■ WHAT YOU SHOULD DO ■
In the data below, find the line with "The Prognostic and" and output it along with every later line, exactly, but not the pictures.

■ INPUT FOR THIS TASK ■
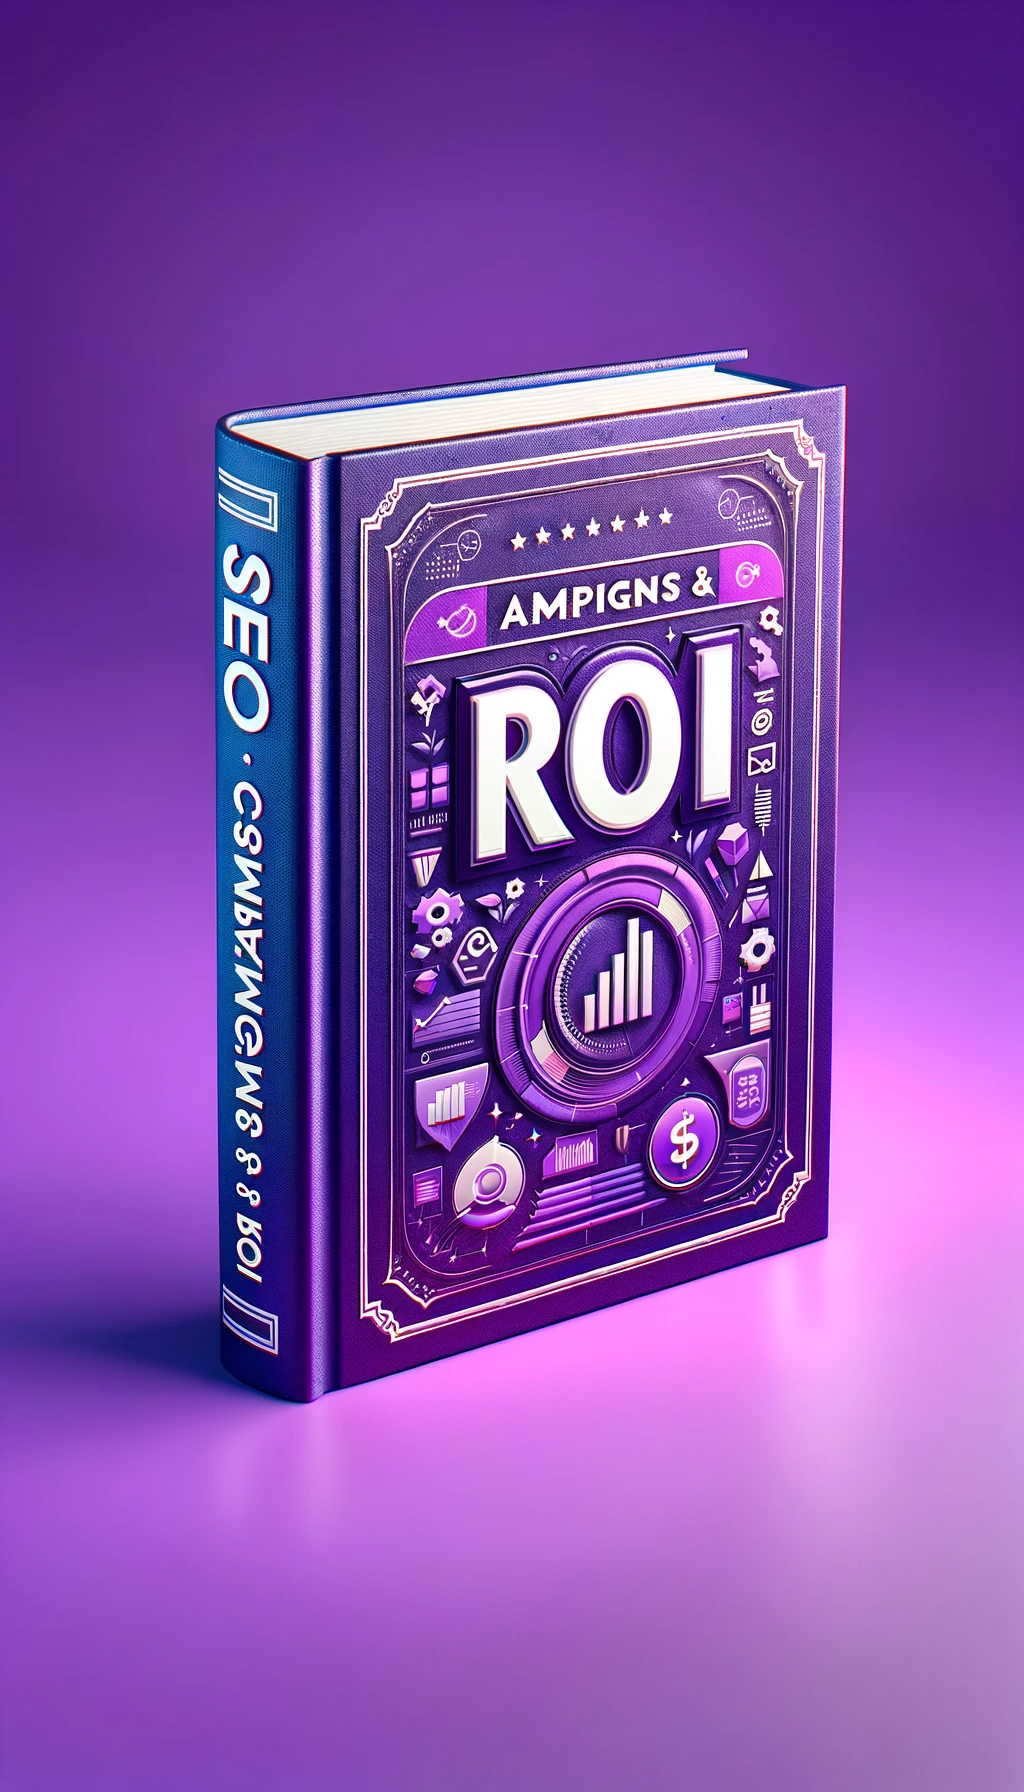 DALL·E 2023 11 30 16.00.47 Create a realistic image of a standing book titled SEO Campaigns ROI. The book cover should have a vibrant purple color that dominates the design
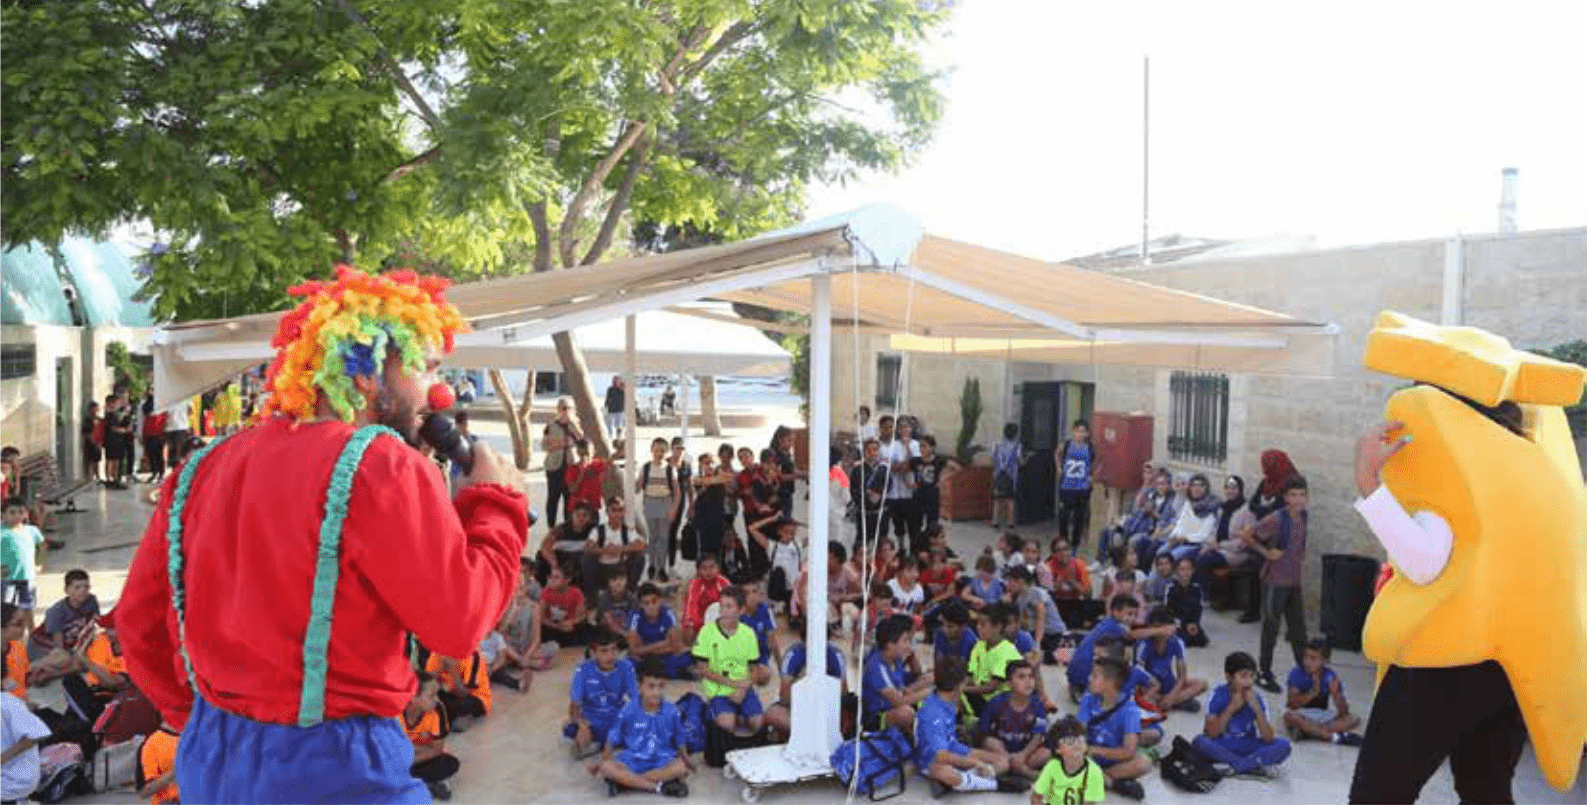 BALL Organizes the Second Open Day for Children
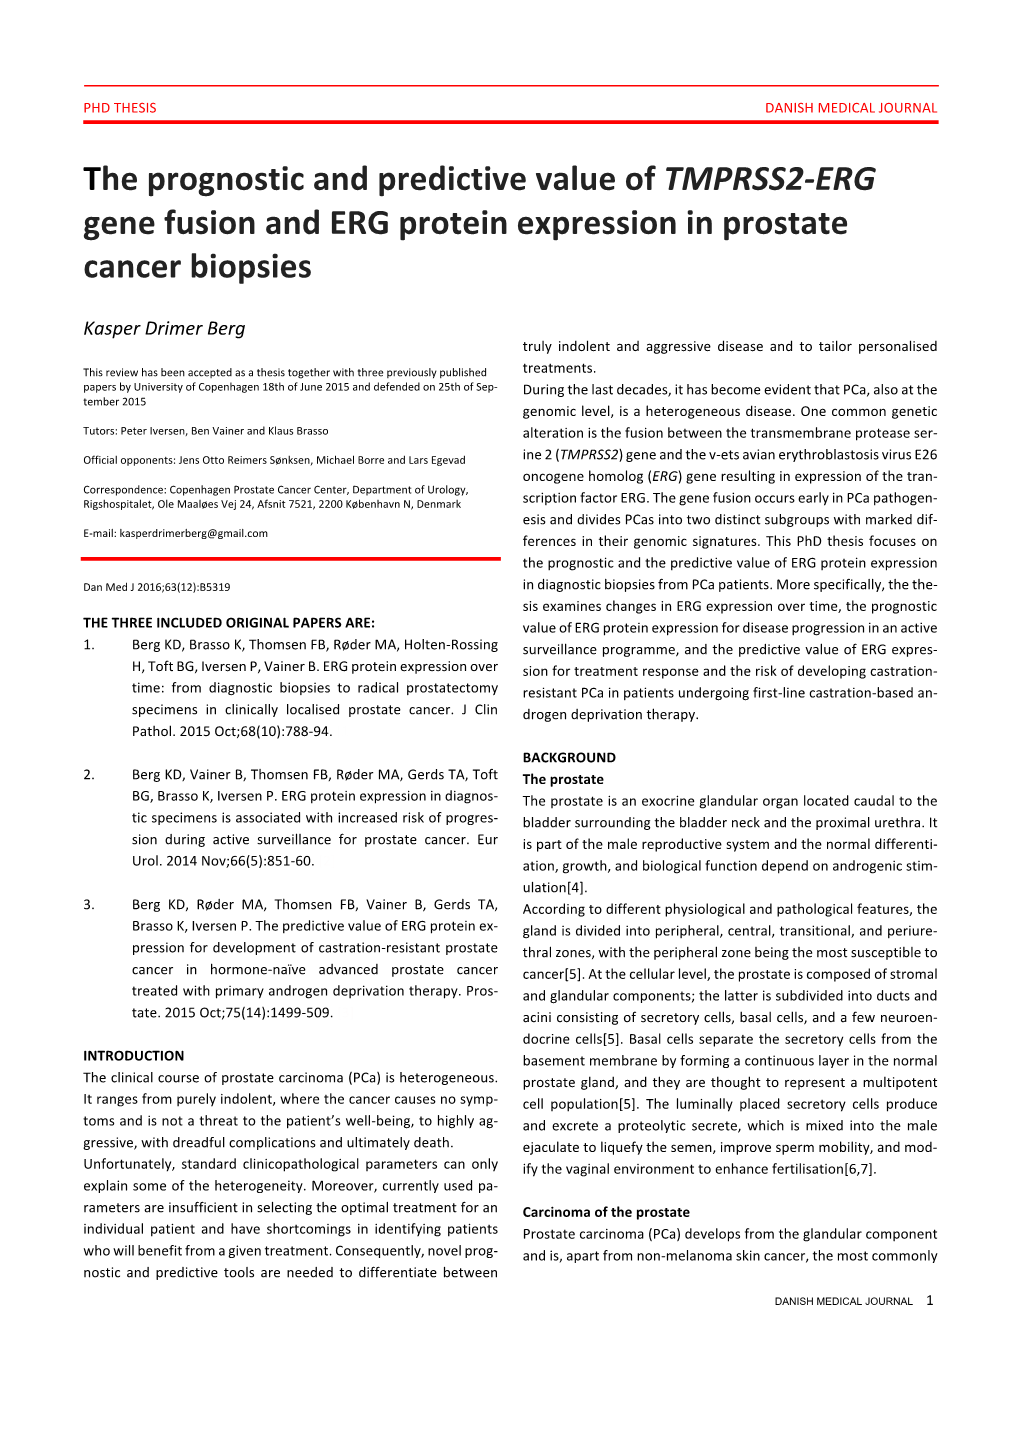 The Prognostic and Predictive Value of TMPRSS2-ERG Gene Fusion and ERG Protein Expression in Prostate Cancer Biopsies
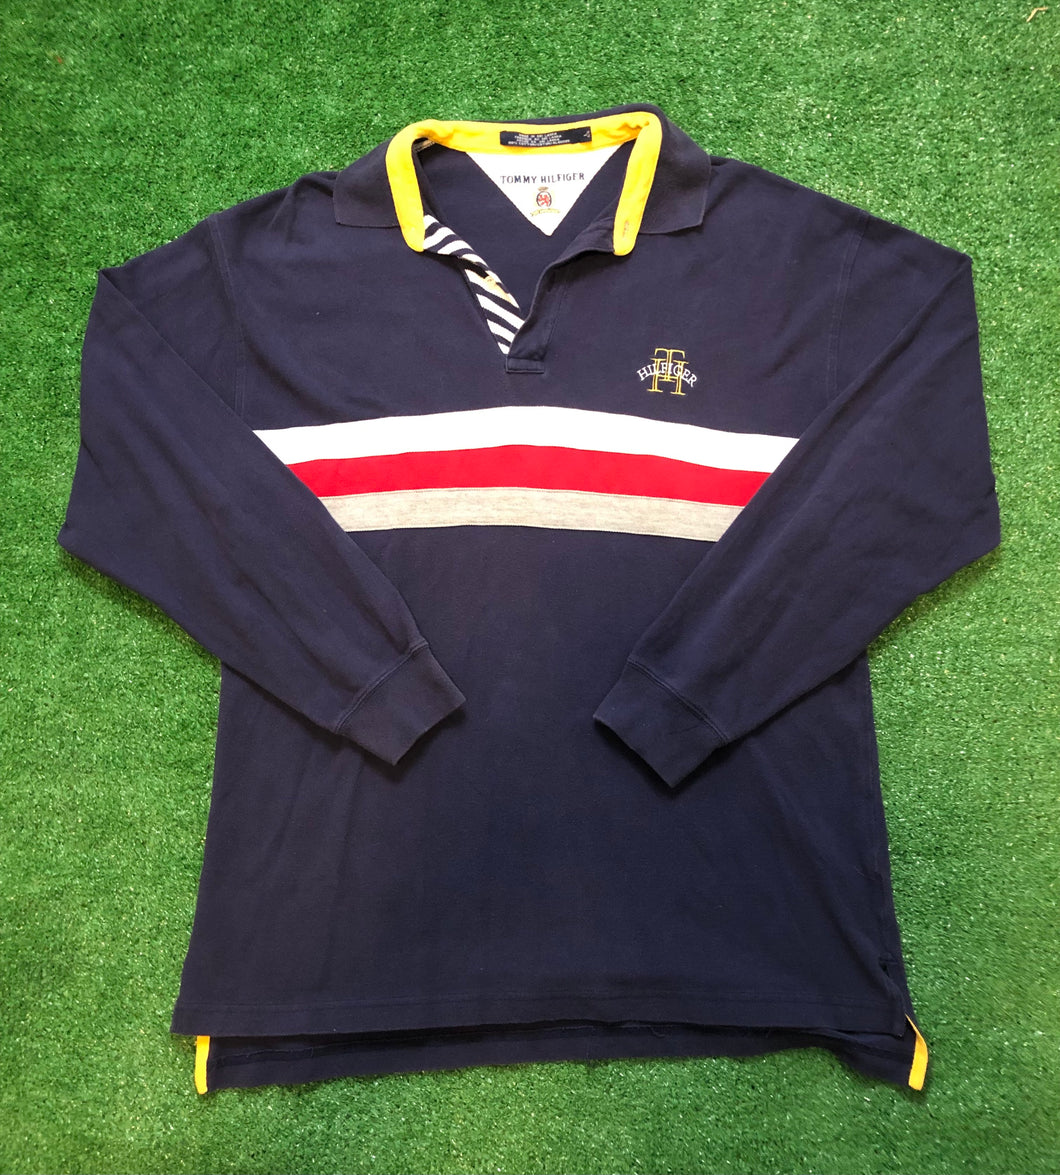 Vintage “Tommy Hilfiger” Long-sleeve Polo
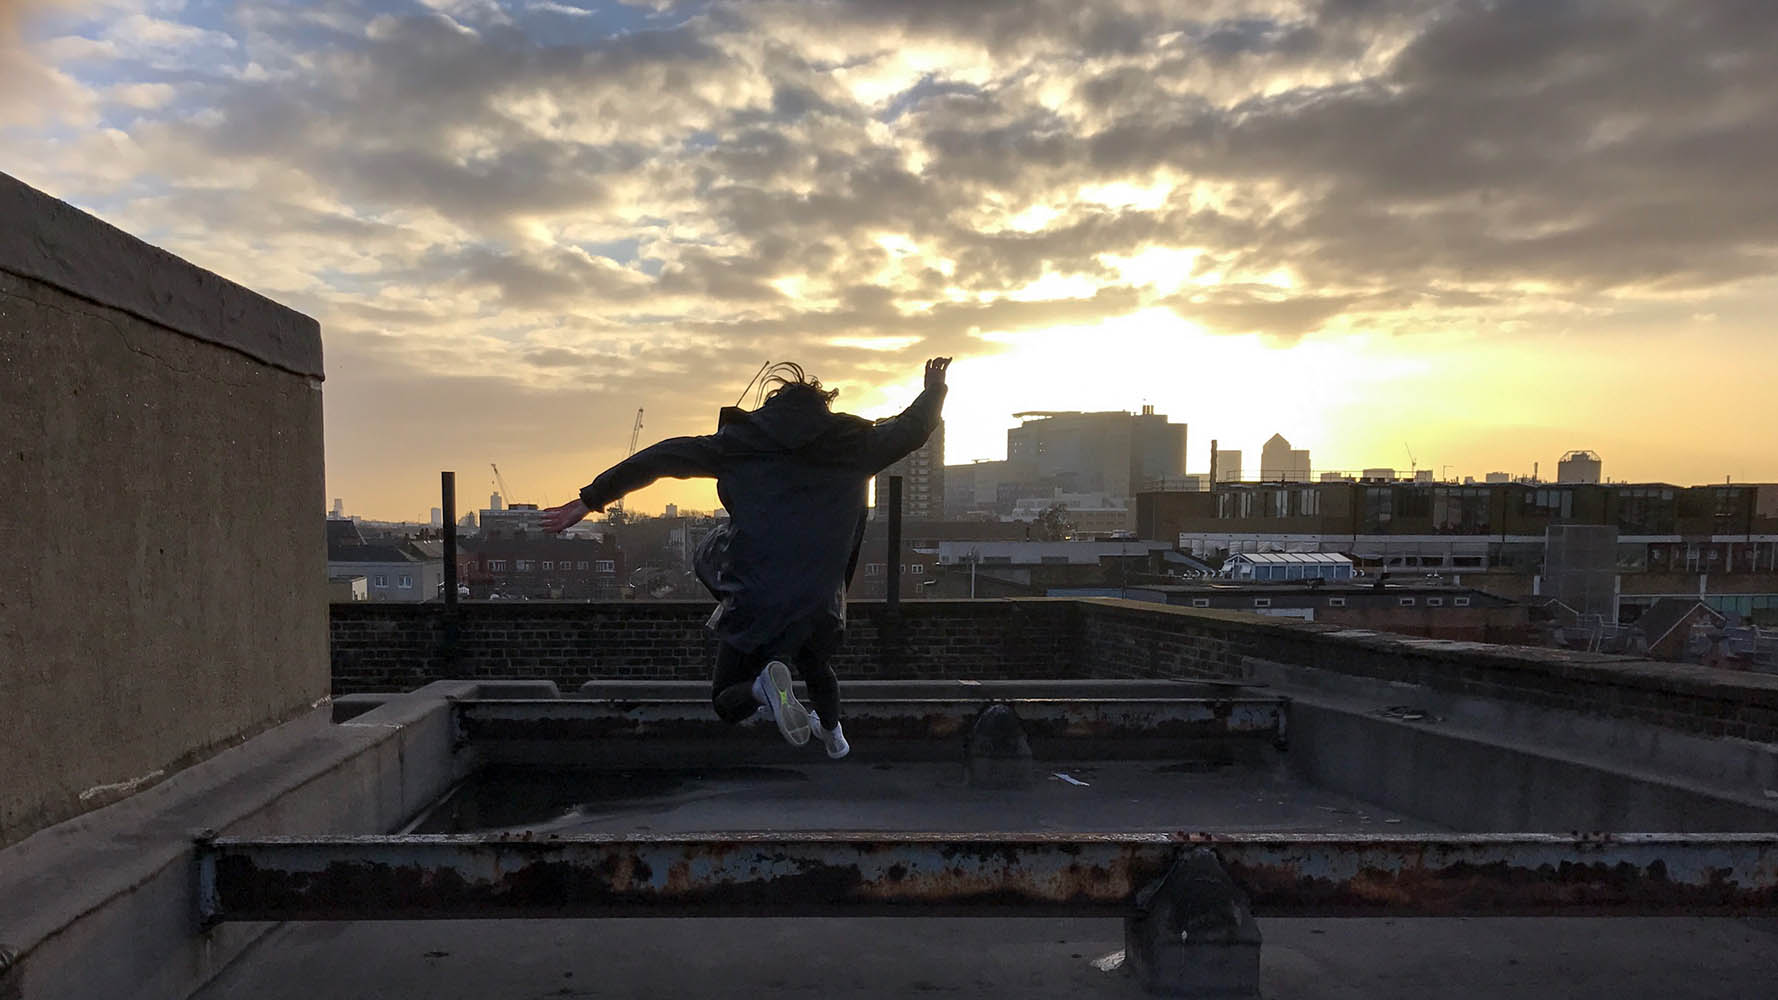 F Block Roof, Filming and Photography locations, Skyline, Roof top, East London
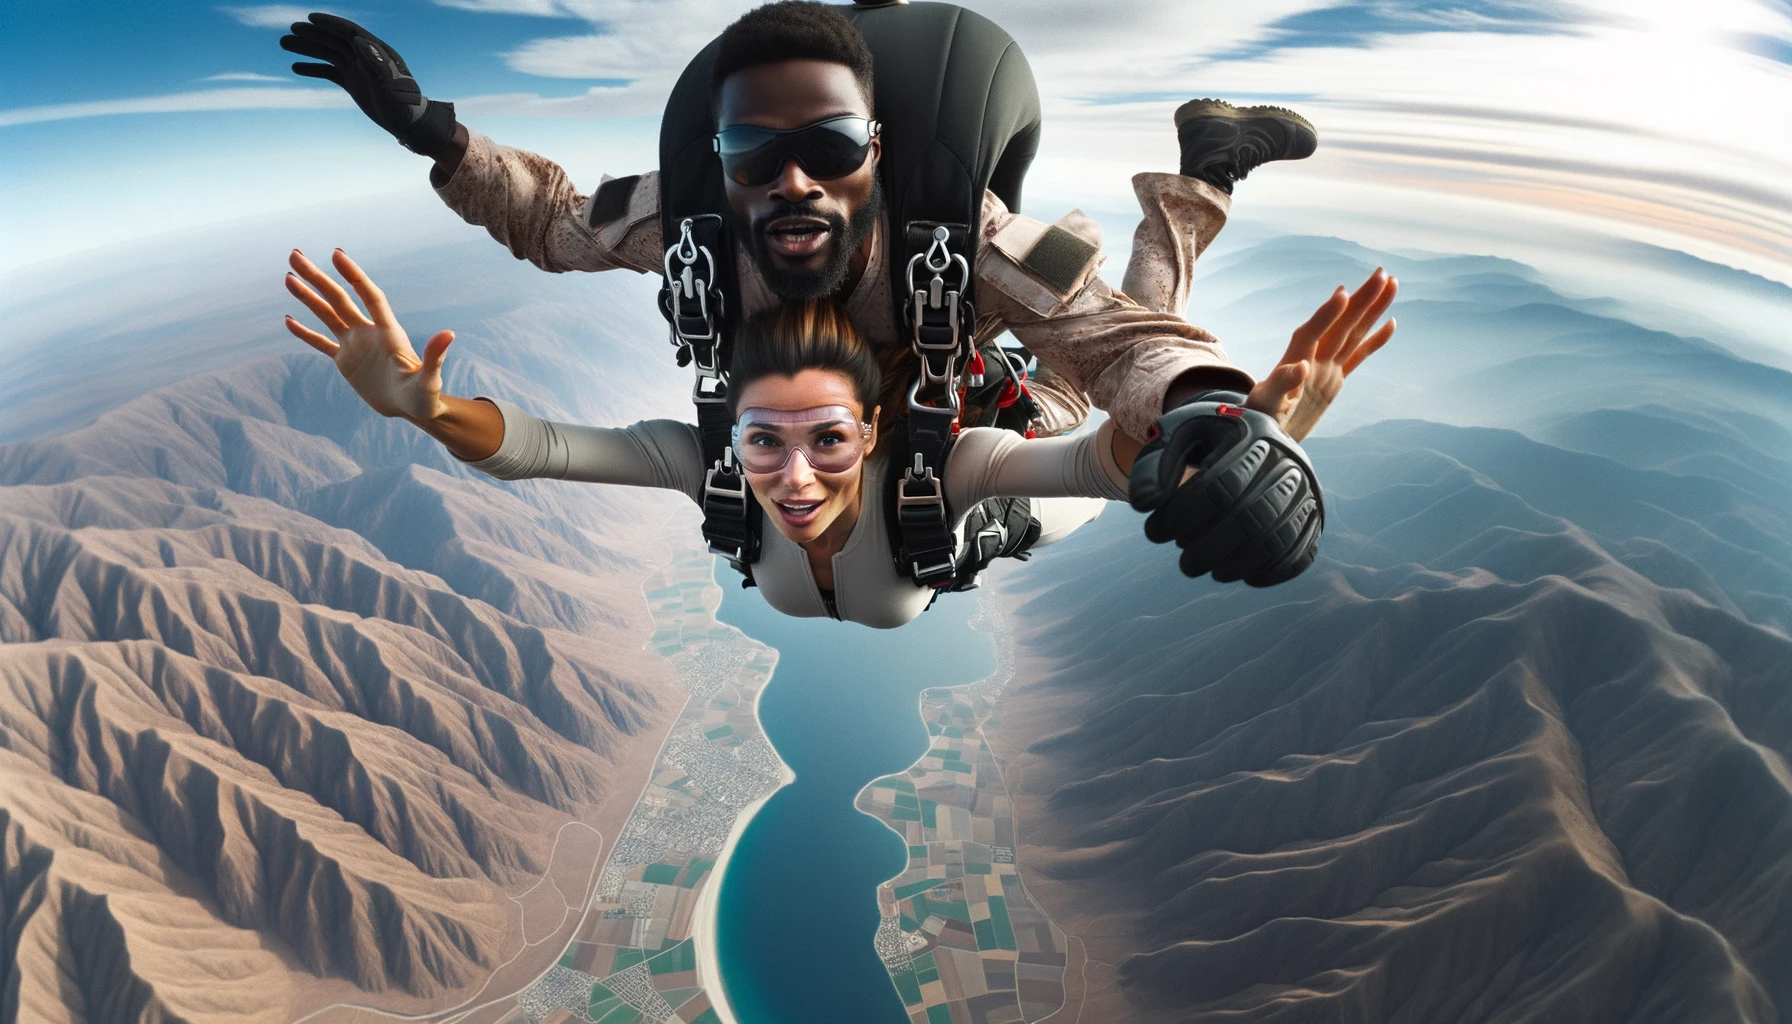 A photograph of a couple skydiving over a scenic landscape. The couple is w

■ WRITTEN SOLUTION ■
 The Prognostic and Predictive Value of TMPRSS2-ERG Gene Fusion and ERG Protein Expression in Prostate Cancer Biopsies
 Vintage “Tommy Hilfiger” Long-sleeve Polo
 F Block Roof, Filming and Photography locations, Skyline, Roof top, East London
 A photograph of a couple skydiving over a scenic landscape. The couple is w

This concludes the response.